Gilberto Eduardo Gerardo Cojuangco Teodoro Jr.  (born June 14, 1964), nicknamed Gilbert or Gibo (), is a Filipino lawyer, politician and business executive  who served as the Secretary of National Defense from 2007 to 2009 under President Gloria Macapagal Arroyo. He was the nominee of Arroyo's Lakas–Kampi–CMD in the 2010 presidential election, which he lost to his second cousin, Benigno Aquino III.

Teodoro studied commerce at De La Salle University, and law at the University of the Philippines, where he graduated top of his class and went on to top the 1989 Bar exams. He then earned his Master of Laws degree from Harvard Law School. He practiced law until he was elected as Representative of Tarlac's 1st district, serving from 1998 to 2007.

Teodoro has been described as a technocrat. During his time as defense secretary, he was known for his efforts as the chairman of the National Disaster Coordinating Council (NDCC) when Mega Manila was hit by Typhoon Ketsana (Ondoy).

Educational background
Born in Isabela, Philippines, Teodoro finished elementary in 1977 and high school in 1981 at Xavier School, and obtained his undergraduate degree in commerce from De La Salle University in 1984. He then studied law at the University of the Philippines from 1985 to 1989, and finished at the top of his class. He was also awarded the Dean's Medal for Academic Excellence. He topped the 1989 Philippine Bar Examinations with an 86.18% bar rating. In 1997, he obtained his Master of Laws degree from Harvard Law School of Harvard University in Cambridge, Massachusetts, and he passed the State Bar of New York.

According to his classmates, Teodoro was "very intelligent", an unconventional nerd. They have also added that he is "very unassuming" and a "very cool" person. During his college days, he had not been involved in campus politics, and had been busy with his other commitments outside school, including being a member of the Sangguniang Kabataan (Youth Council) in Tarlac and learning how to fly planes.

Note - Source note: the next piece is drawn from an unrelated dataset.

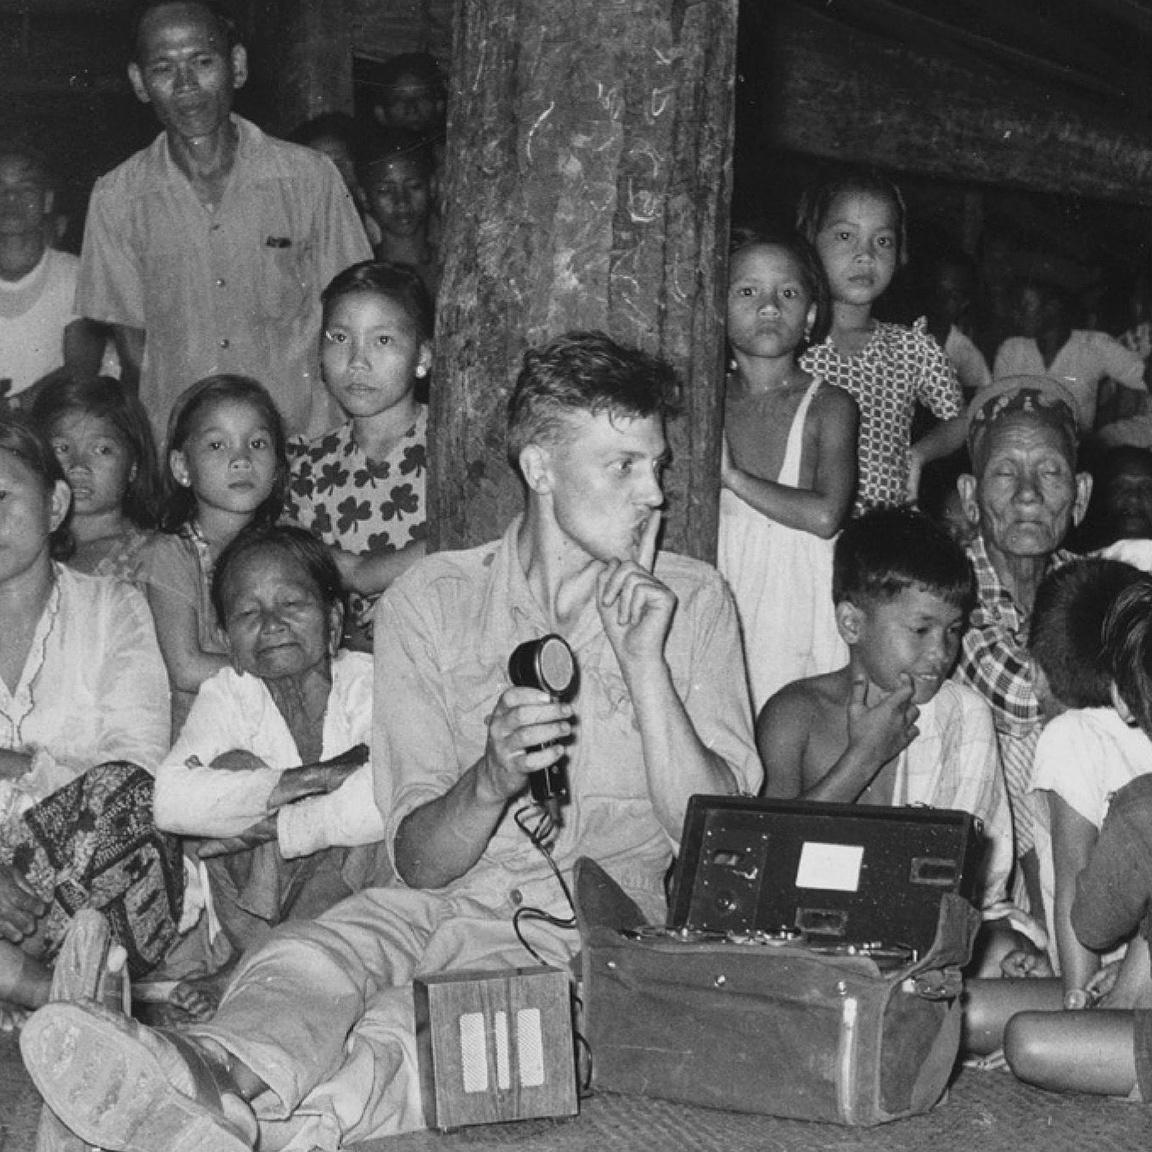 Tudtad, hogy David Attenborough népzenét is gyűjtött?

Teodoro had been a lawyer for seven years at the EP Mendoza Law firm.

Political career

Before Congress
At the age of 16, in 1980, Teodoro was elected as the Kabataang Barangay (KB) President in Tarlac. He went on to lead Central Luzon and became a member of the Tarlac Sangguniang Panlalawigan at the time that his mother was the Tarlac representative in the National Assembly.

Congressman
From 1998 to 2007 he was a House Representative for the First District of Tarlac province. He assumed the position of Assistant Majority Leader in the 11th Congress and head of the Nationalist People's Coalition House members. He was also a member of the House contingent to the Legislative-Executive Development Advisory Council. Teodoro was a part of the "Bright Boys" clique.

Following his three terms in office—the maximum number allowed by the constitution — he was succeeded by his wife, Monica Prieto-Teodoro.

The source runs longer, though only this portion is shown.